Report frog2 June 5, 2013 7:52 AM BST
I bet you regret letting them monitor how you went about your business.
Report TheVis June 5, 2013 8:47 AM BST
Whatever happened to the Lads takeover of Daq?  Seems like another waste of time as predicted.
Report Do wah Diddy June 5, 2013 9:52 AM BST
ITS A GOOD JOB THEY DONT HAVE A SERIOUS COMPETITOR
Report AyersRock June 5, 2013 10:54 AM BST
i am no expert but....

£100,000,000 marketing budget to produce a tv advert showing a man sweating buckets in a pub over whether to cash out 24 quid? small recreational punters would rather walk into a bookie at lunch and put a tenner on a horse at silly odds cos they like the horses name
Report tommycockles June 5, 2013 11:13 AM BST
He also appears to be the only person in the room not enjoying himself, too busy fretting over his £20 to win £8.
Report CLYDEBANK29 June 5, 2013 12:43 PM BST
Cash Out is one of the best things they've done and the advert is good.
Report Do wah Diddy June 5, 2013 12:58 PM BST
YOU COULD GET YOUR CASH OUT BEFORE YOU DONT NEED AN ADVERT TO TELL YOU
Report Do wah Diddy June 5, 2013 1:00 PM BST
ESPECIALLY AN ADVERT THAT COSTS THOUSANDS .ITS LIKE THE THIS IS A NUCLEAR FREE ZONE  SIGN THAT THEY HAVE UP IN MANCHESTER
Report CLYDEBANK29 June 5, 2013 1:11 PM BST
Should have had two guys playing a game of pool in the pub.  Player 1 says to Player 2 "who do you fancy for today's match"  Player 1 says "I fancy Liverpool, just backed them to win 1-0 at 10s with the bookies in the high street."  Player 2 says "yeah I quite fancy that.  Let me see what price that is on Betafir.  14s on Betfair mate."  Advert ends with the comment "make sure you get the best odds.  Check Betfair.com"

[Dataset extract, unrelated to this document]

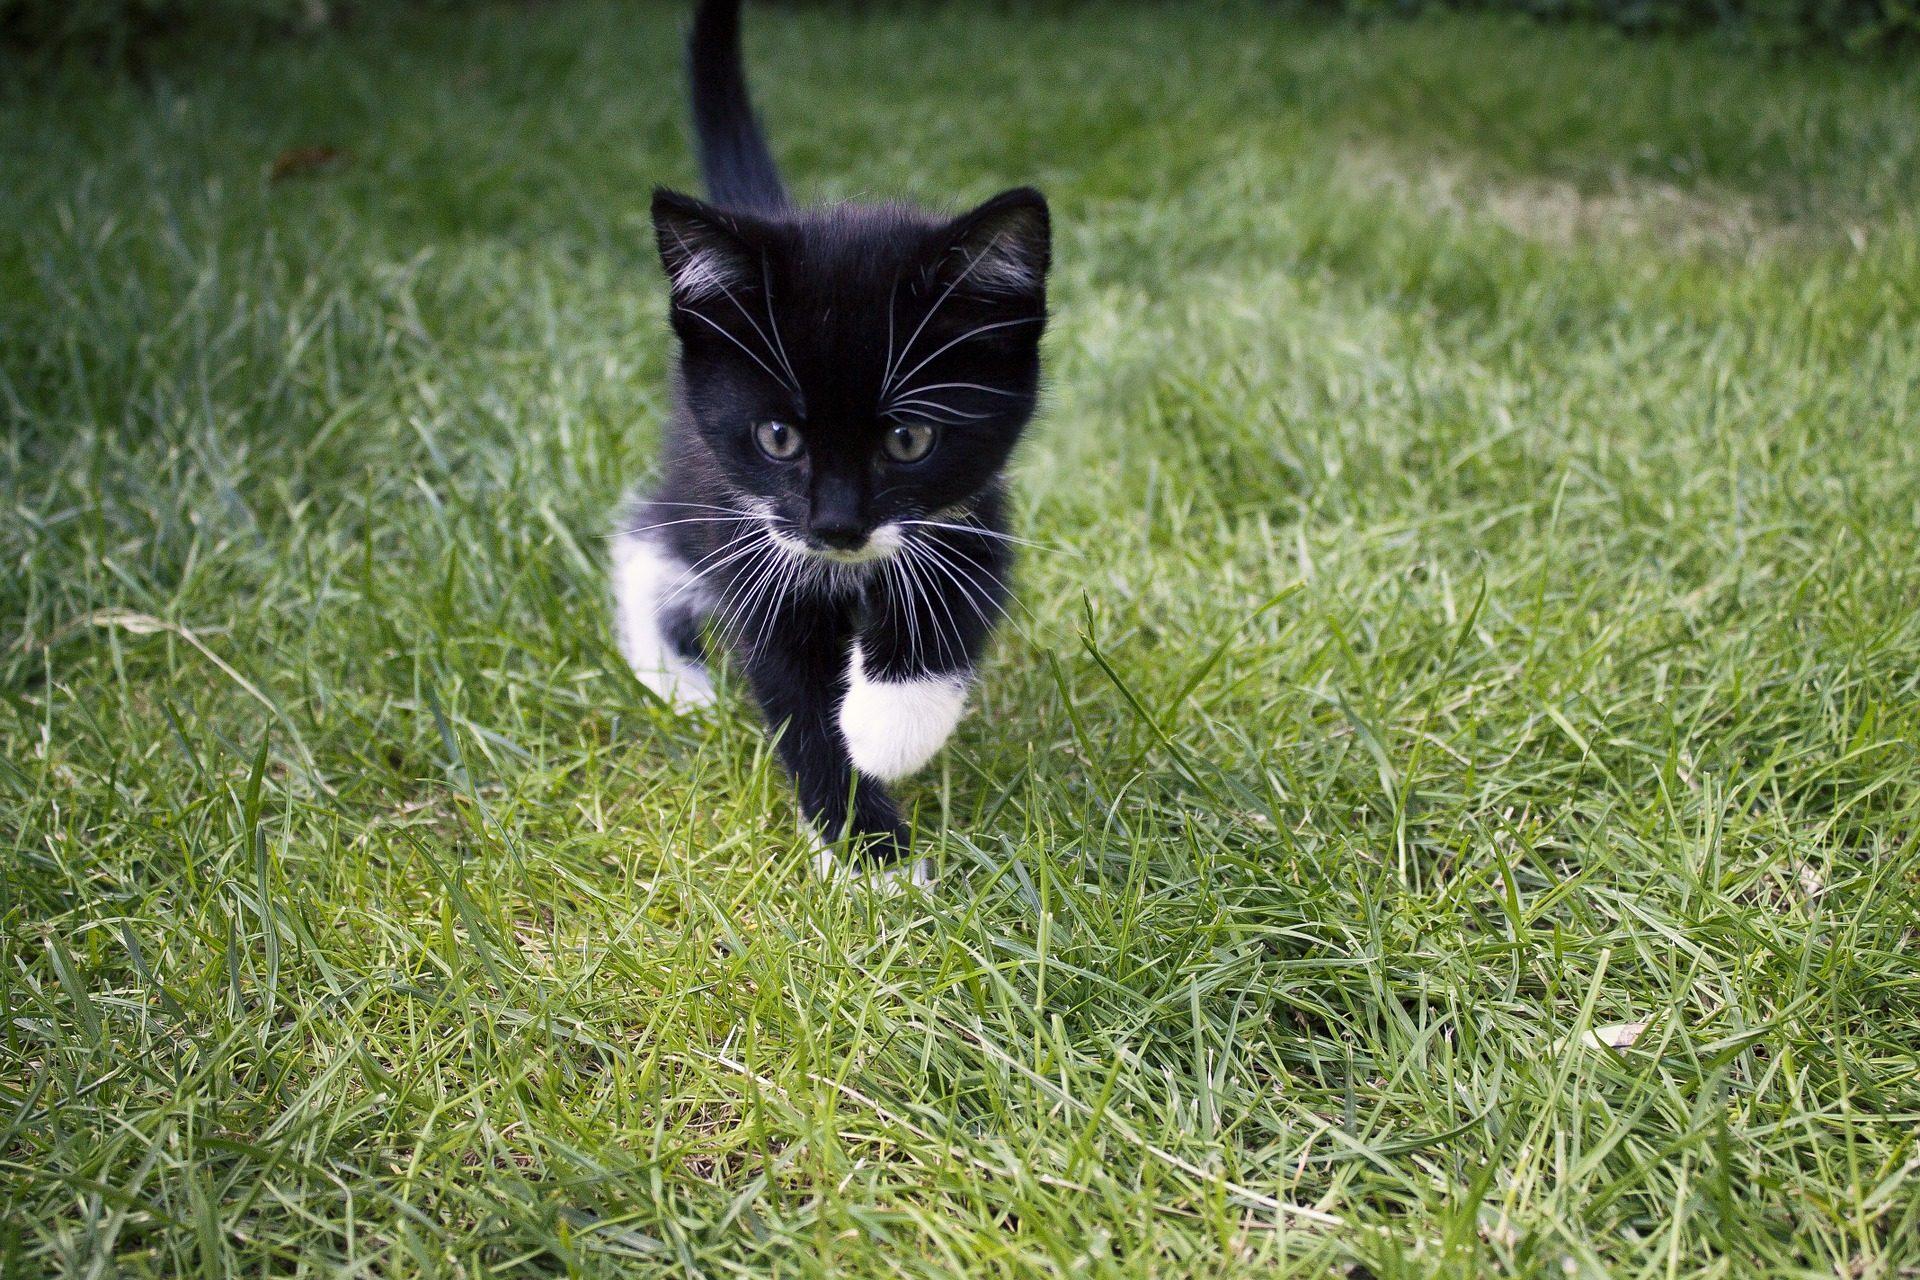 gato, cría, minino, gramado, Jardim, bigodes - Papéis de parede HD - Professor-falken.com

Then they open an account and get directed to the Sportsbook where it's 9sCry
Report viva el presidente! June 5, 2013 2:51 PM BST
Laugh clydebank.

honestly, I could come up with a better advert than the cash out one in an afternoon. seriously. in fact, I reckon I could write, cast, film and edit a better advert than that in a day, on a budget of somewhere between £0 and £100.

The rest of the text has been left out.